Here you go again, citing a study that says a certain part of the brain in a very small sample size of transsexual men have characteristics more similar to female brains than male brains, it does not ever conclude what you want it to.

The research done in that article is good research, but you’ve misrepresented it multiple times on these boards now to satisfy a bias that you have.

The simple fact is, transsexuality or gender identity disorder if you will is a recognized mental illness. No science has ever shown that MtF GID patients have overall brains more similar to females than males, what we’ve instead shown is that in a small sampling of MtF GID patients the central subdivision of the bed nucleus of the stria terminalis (or BSTc as they say) is more akin to a healthy female sample than a healthy male sample. Specifically there were two studies, the first study by Zhou showed a sampling of MtF GID patients undergoing hormone treatment and showed their BSTc was similar in size to that of a healthy female. The second study which you link to and misrepresent here for at least the second time on these forums had a large sampling of around 40 brains and included MtF GID patients who were not undergoing hormone therapy. The second study demonstrated the difference in size of a MtF GID patient’s BSTc was on account of a different count of neurons, and wasn’t the result of something else like a possible side effect of hormone treatment in the group in Zhou’s study.

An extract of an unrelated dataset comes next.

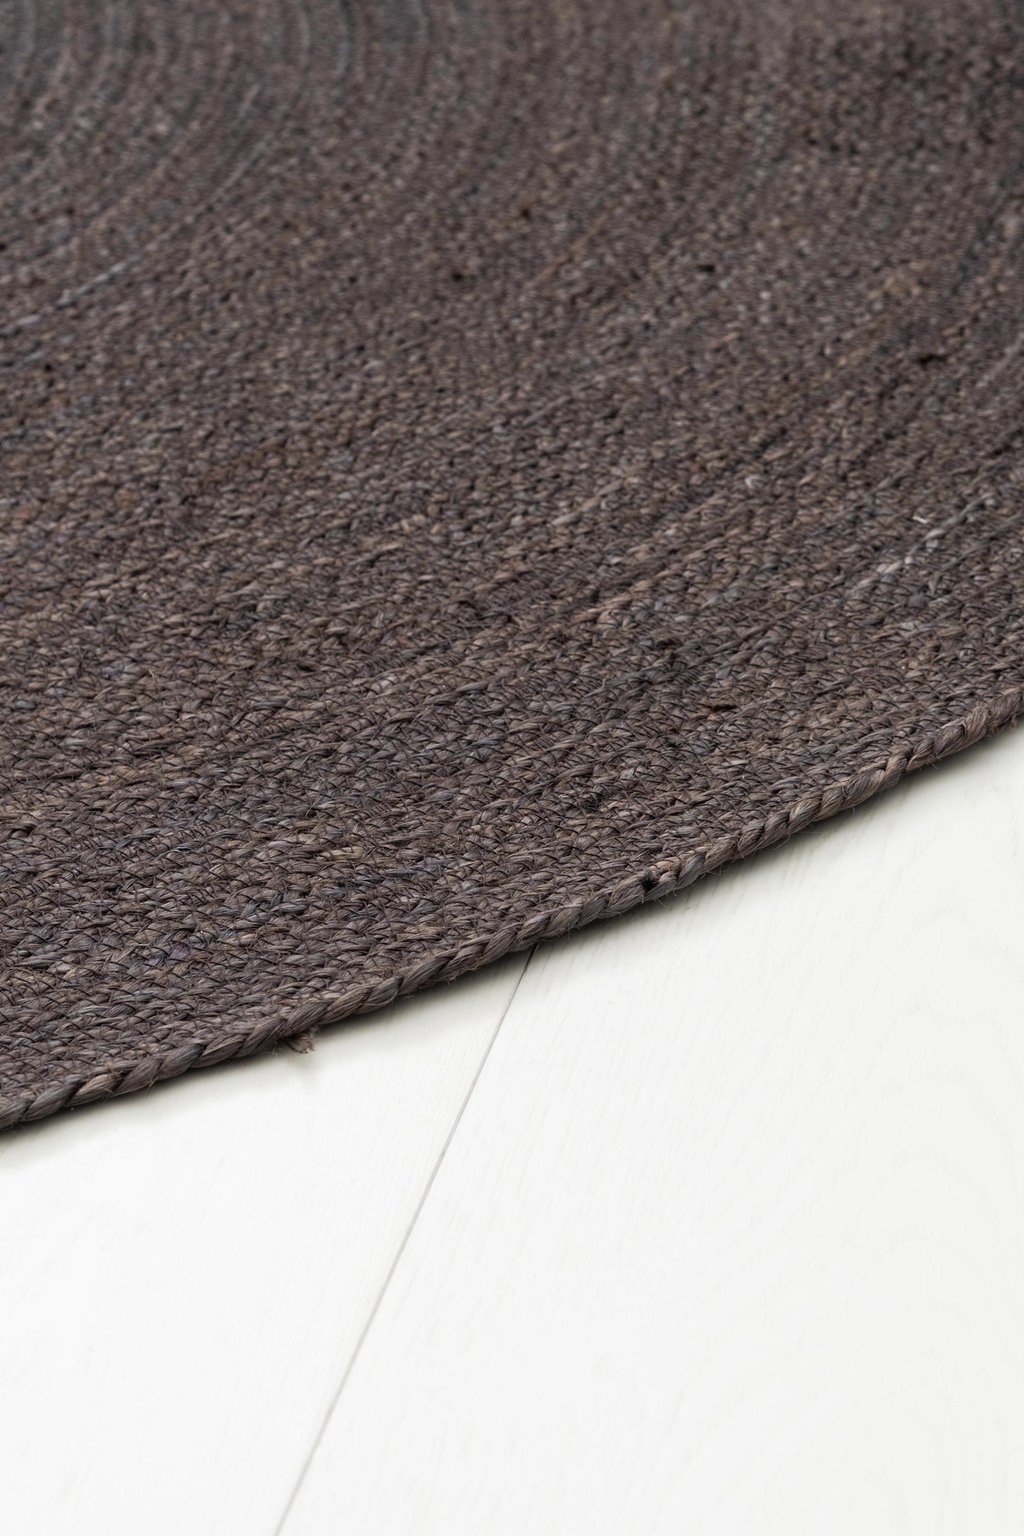 FanniK Rauha matto pyöreä ⌀ 100 cm, tumman harmaa / hiili

I also most say, it was quite the surprise to see a quote of mine end up in a question someone asked. I am glad my post from that original thread got someone thinking about things, and I’m also glad “Cecil” looked at the evidence without bias and correctly answered the question to the best consensus of current science.

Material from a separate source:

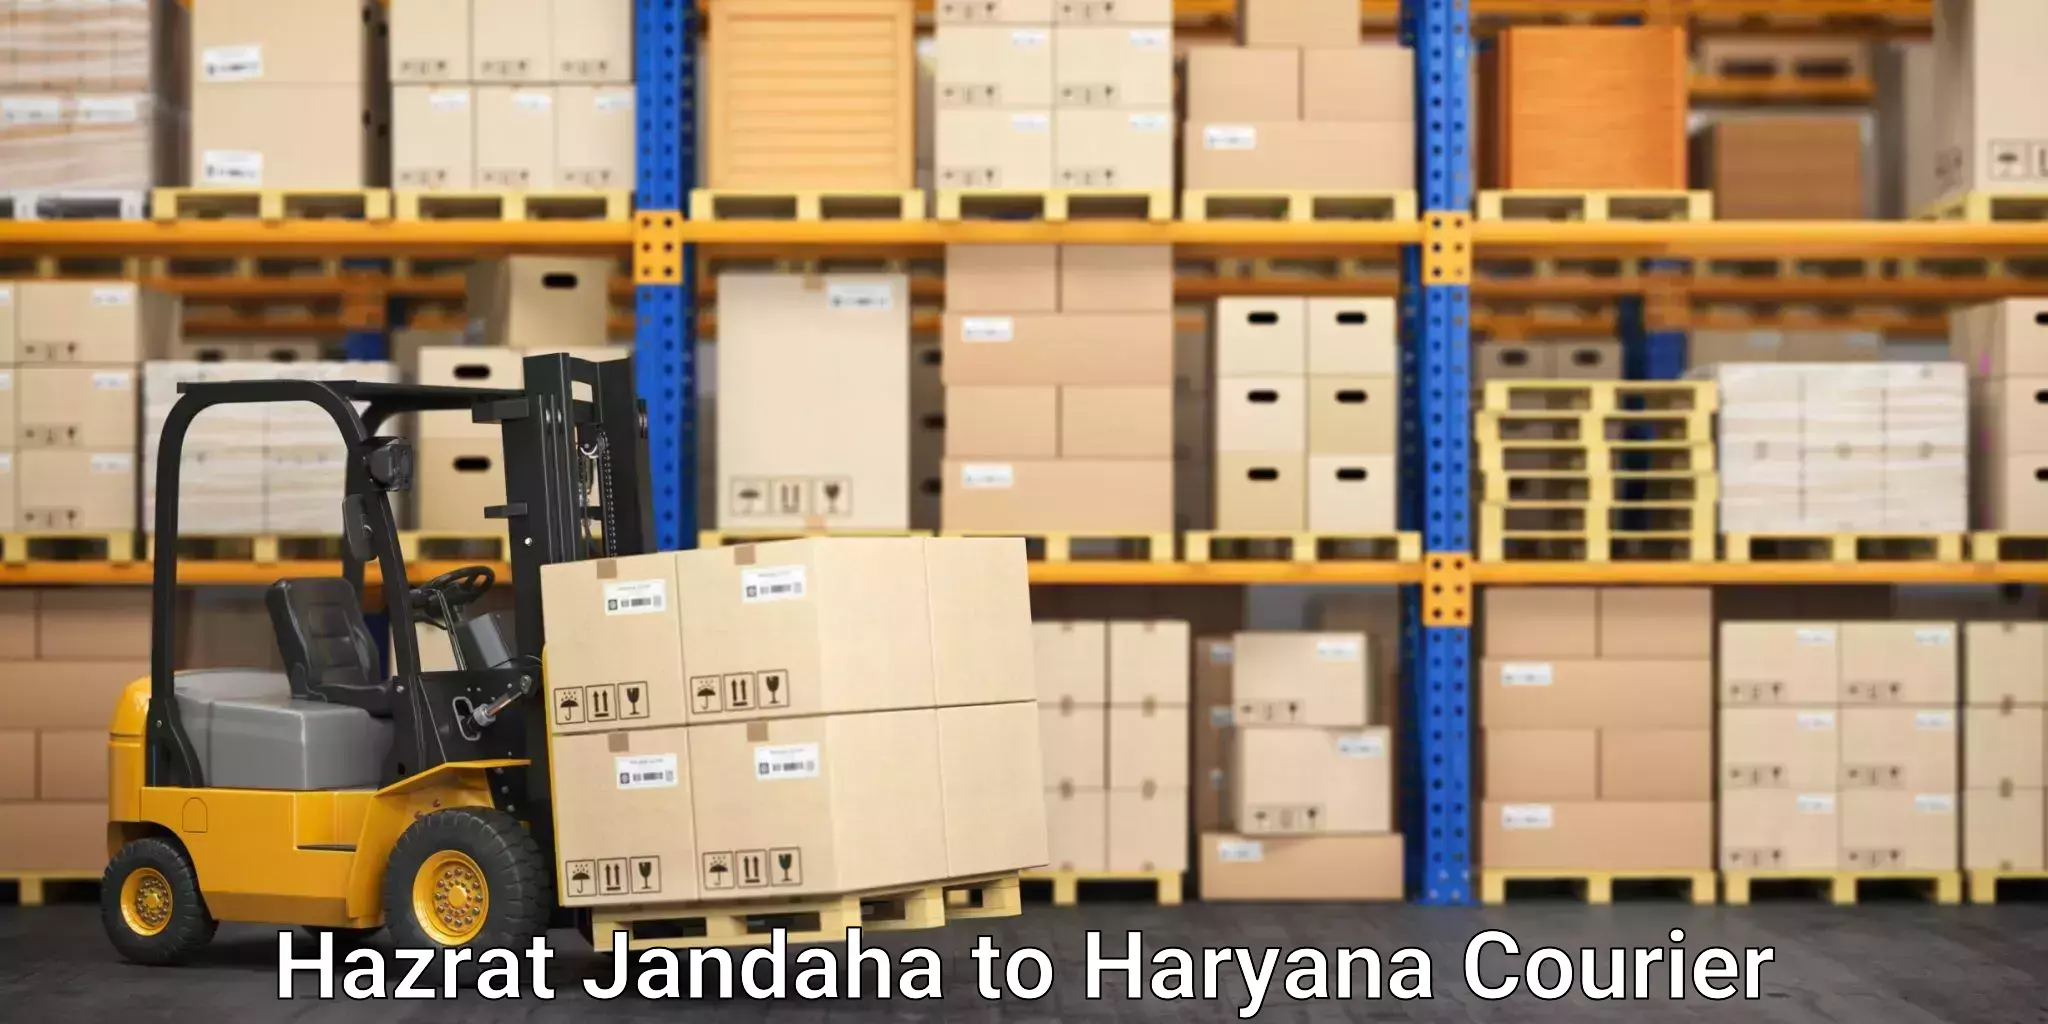 Specialized furniture moving Hazrat Jandaha to Gurgaon

A psychologist who talked to me about this today commented that just being the DSM does not in itself mean it is a “mental illness.” The DSM includes things which are not mental illnesses, such as brain/cognition/affect disfunctions. These range from head trauma to substance tolerance to reading disorders to relationship issues to mental health issues.

And what is the level of similarity needed? What percentage, or what regions, must be similar in order for an assessment of an M2F brain to yield support for a claim of similarity to an XX brain?

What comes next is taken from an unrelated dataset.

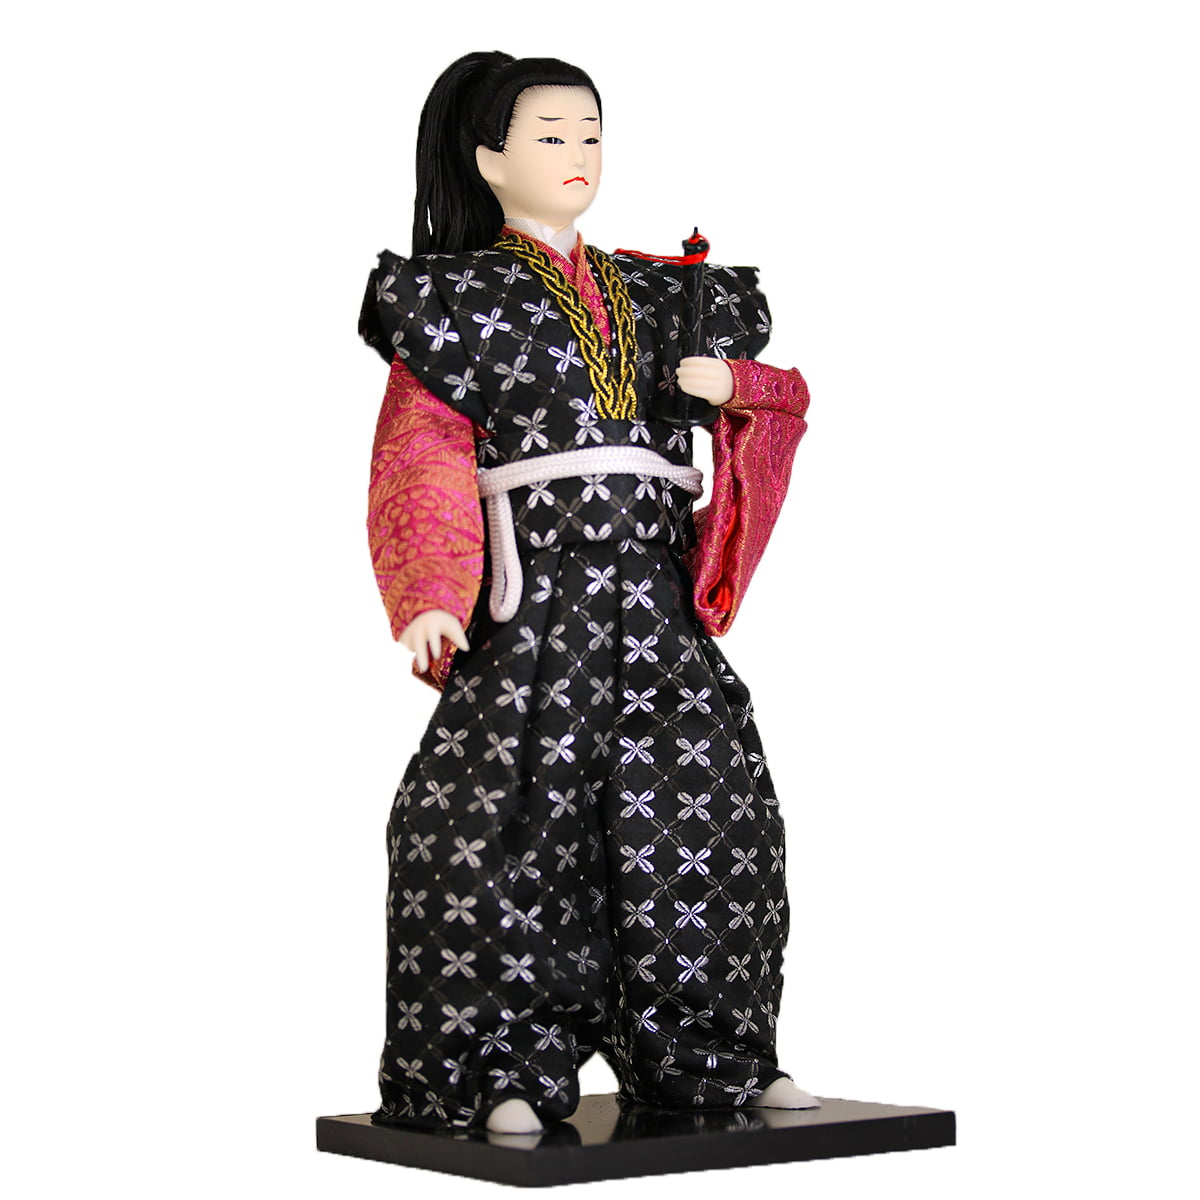 Boneco Japonês Samurai com Kimono Preto, Rosa e Espada - 30 cm

It’s your opinion he looked at it without bias. My opinion is he was overly pessimistic. I offered 18 citations in a post up above which provide support for my opinion.

Transsexuals may or may not [del]be mentally ill[/del] have a less than fully accurate model of reality inside their heads.

In my experience a rather formidable number of non-transsexual people are pretty badly twisted in the heads when it comes to gender, sex, morphology, and sexuality, and a good portion of what they consider to be inviolably true about gender and sex is less than fully accurate by an even larger margin.

On top of all the other considerations and issues, I’d like to point out that many people’s erotic sensibilities are such that they have an eroticized interest in seeing certain things about either themselves or their partner NOT as they necessarily objectively are but as desire and desirability demand that they be. “I am a person with male bits whose nature and preferences and personality and tastes are more akin to what you’d most often find among people with female bits” may not have the right emotional impact for them and how they need to feel about themselves as “I’m a woman” or even “I’m a seductress” or whatever.

I can’t relate firsthand to being truly at odds with the bodily plumbing itself, it’s just not where my experience lies. I’ll grant that sexual reassignment surgery is several steps more significant a body modification than what most people do to feel attractive and sexy and appropriately configured, but it’s not like no one does body mods. And it’s really NOT like chopping off your legs. It doesn’t create huge disabilities and deficits. There are lesbians who have their breasts removed NOT in order to transition to maleness but “just because”. Does that make THEM sick? How about breast implants?

You are presuming that gender is determined solely by physiological sexual development. That is an unwarranted presumption.

Gender is a mental construct; sex is a physical construct. When the two don’t match, who is to say that the physical one is right and the mental one is wrong?